THE PATIENT WITH COMPLEX PARTIAL EPILEPSY OF TEMPORAL LOBE ORIGIN REVEALS UNIQUE HEAD SURFACE GEOMETRY OF BASAL TEMPORAL INTERICTAL EEG TRANSIENTS (BTIET)
Abstract number :
1.095
Submission category :
Year :
2002
Submission ID :
3587
Source :
www.aesnet.org
Presentation date :
12/7/2002 12:00:00 AM
Published date :
Dec 1, 2002, 06:00 AM
Authors :
Fumisuke Matsuo, Tawnya M. Constantino, Lorie Blair. Department of Neurology, University of Utah School of Medicine, Salt Lake City, UT
RATIONALE: BTIET can reliably predict complex partial epilepsy, but their accuracy in localizing the epileptogenic neuronal matrix is questioned. A recent preliminary study suggested that BTIET geometry did not differentiate patients with mesial temporal sclerosis (MTS) from those without, as demonstrated by high resolution MRI. This study was designed to evaluate the range of variation in BTIET geometry within each patient and between patients.

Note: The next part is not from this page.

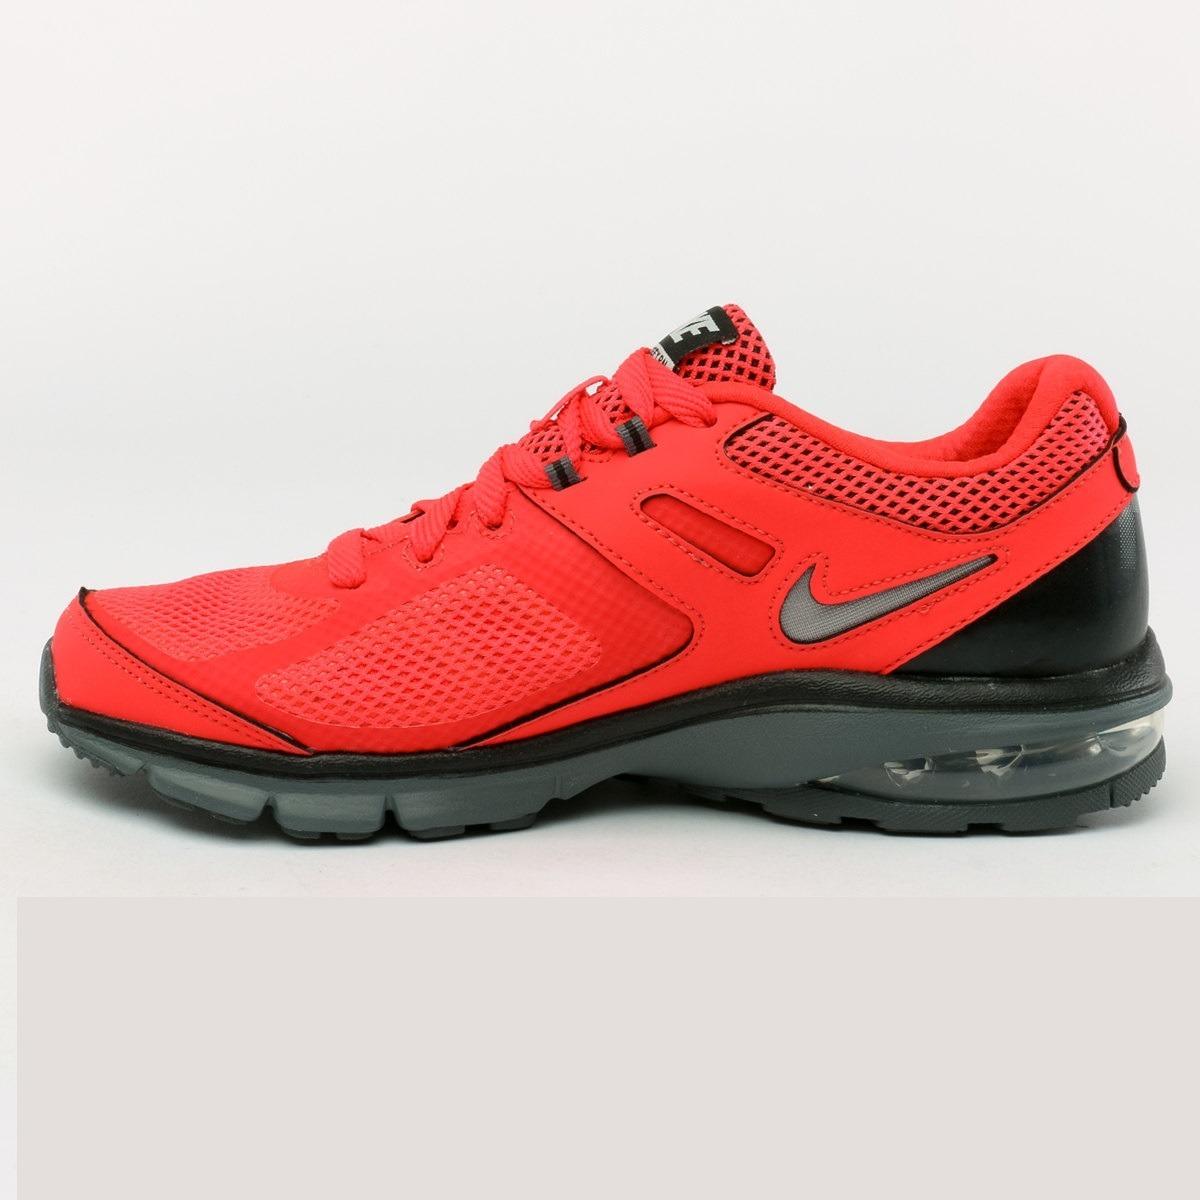 Zapatilla Nike Air Max Defy Rn 599343 602

OBJECTIVE: The material presented will enable the viewer to understand the principle of localization of EEG epileptiform discharges.
METHODS: Digital EEG data were available from a total of 20 patients, and all the BTIET were identified. BTIET were reformatted in polygraphic display in serial 10-20 bipolar derivations, consisting of anterior-posterior and basal chains (J. Clin. Neurophysiol. 3[Suppl 1]: 26-33). Time series display gain was set to equalize the height of the primary BTIET peak. The time axis of BTIET display was graphically adjusted so that the primary BTIET peak and one immediately following it could be superposed. Geometric variation could be readily appreciated in display, superposing a varying number of BTIET.
RESULTS: A total of 937 BTIET were collected (individual patients contributing one to 426 BTIET). Despite substantial variation in waveform among BTIET, superposition indicated a unique localization of BTIET source in each patient. Superposed BTIET could differentiate different patients, based on subtle but definite variation in voltage gradient over the head surface. Figure illustrates a total of 56 BTIET superposed from a patient. Instrumental phase reversal indicates middle temporal source localization. [figure 1]
CONCLUSIONS: Head surface EEG geometry derived from 10-20 head surface electrode placements diffentiated source localization of BTIET in this group of patients. Subregional localization of the epileptogenic matrix thus accomplished may offer a simple, noninvasive clinical tool for improved clinical neuroanatomical correlation. Further investigations are warranted to determine whether BTIET geometry can differentiate patients with MTS from those without and between primary and secondary BTIET.